When using :nth-of-type(n) to make a selection it does not return the expected response.

I'm wanting to select the second <td> element with className b.

Why when using selector .b:nth-of-type(2) yield no result?

  <div id="foot">
    <table id="nav">
      <tbody>
        <tr valign="top">
          <td class="b"><b>Previous</b></td>
          <td><b>1</b></td>
          <td><a href="#">2</a></td>
          <td><a href="#">3</a></td>
          <td><a href="#">4</a></td>
          <td><a href="#">5</a></td>
          <td><a href="#">6</a></td>
          <td><a href="#">7</a></td>
          <td><a href="#">8</a></td>
          <td><a href="#">9</a></td>
          <td><a href="#">10</a></td>
          <td class="b"><a href="#">Next</a></td>
        </tr>
      </tbody>
    </table>
  </div>

Stipulations

1. The number of <td> elements can change.
2. pure JavaScript/CSS only.

Although .b:nth-last-child(1) would work,
this question is to understand why .b:nth-child(2) does not return the same.

Example Fiddle

From W3C Specs

The :nth-of-type() pseudo-class represents an element that has an+b siblings with the same expanded element name before it in the document tree, for any zero or positive integer value of n, and has a parent element.

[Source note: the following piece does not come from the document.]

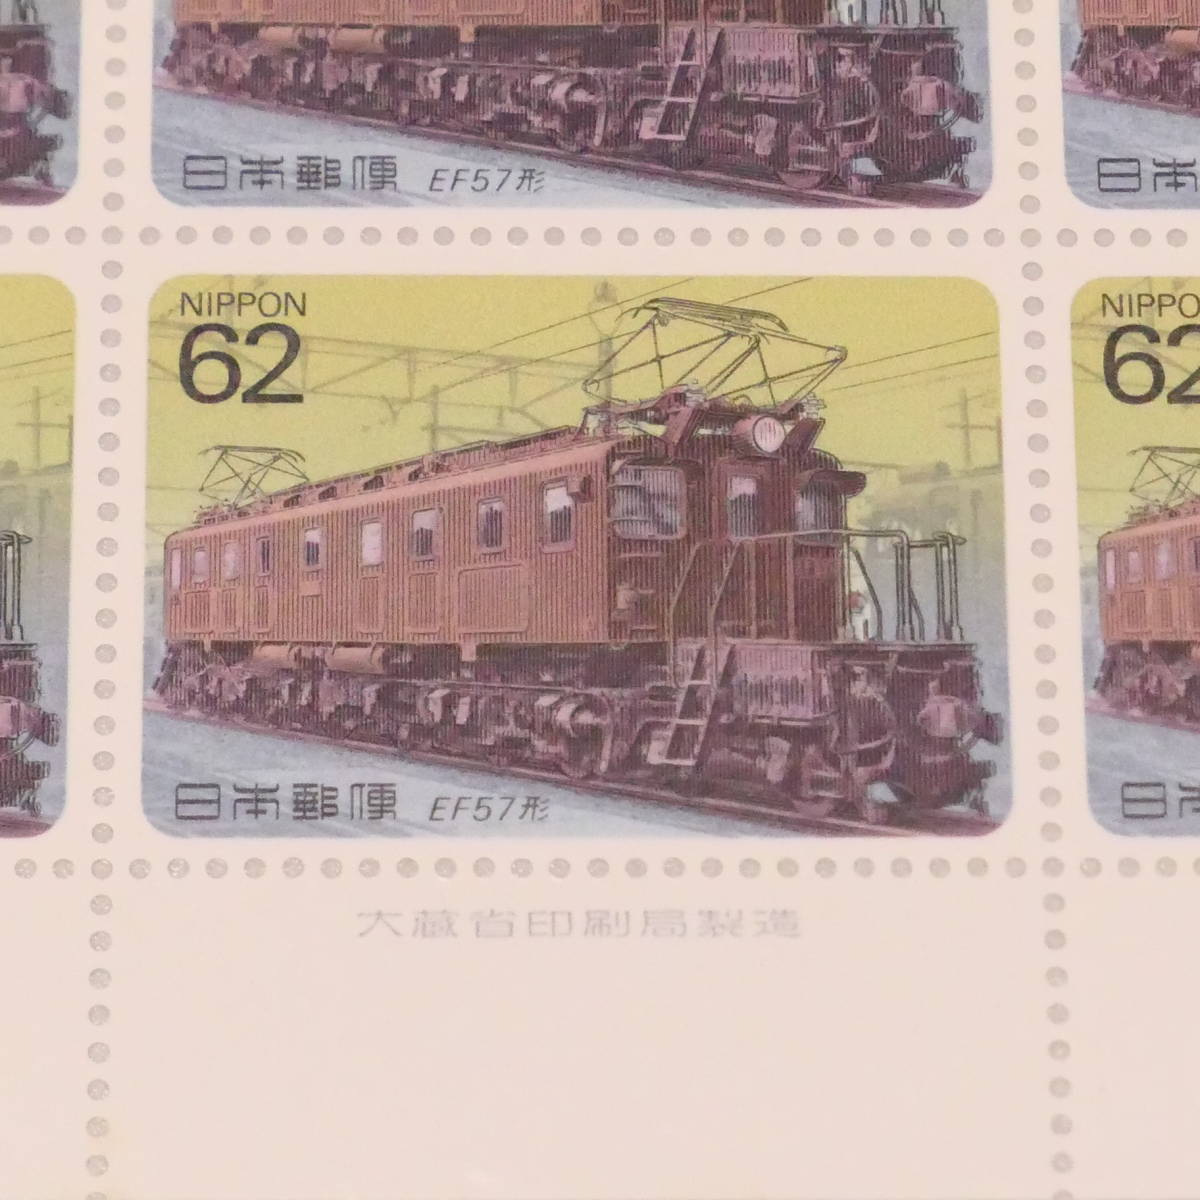  stamp 1990 year Heisei era 02 year 07 month 18 day electric locomotive series no. 5 compilation EF57 shape 62 jpy 20 sheets 1 seat

So it looks like you can't use class name to select elements along with this pseudo class.

+:nth-of-type()

as @Sourabh already said, nth-of-type isn't correct in this case, nth-child (or last-child in this case) is the correct way to go. I updated your fiddle. Your markup was inconsistent as well. In the first .b you have a <b> element, while in the second(last one), you had an <a> tag.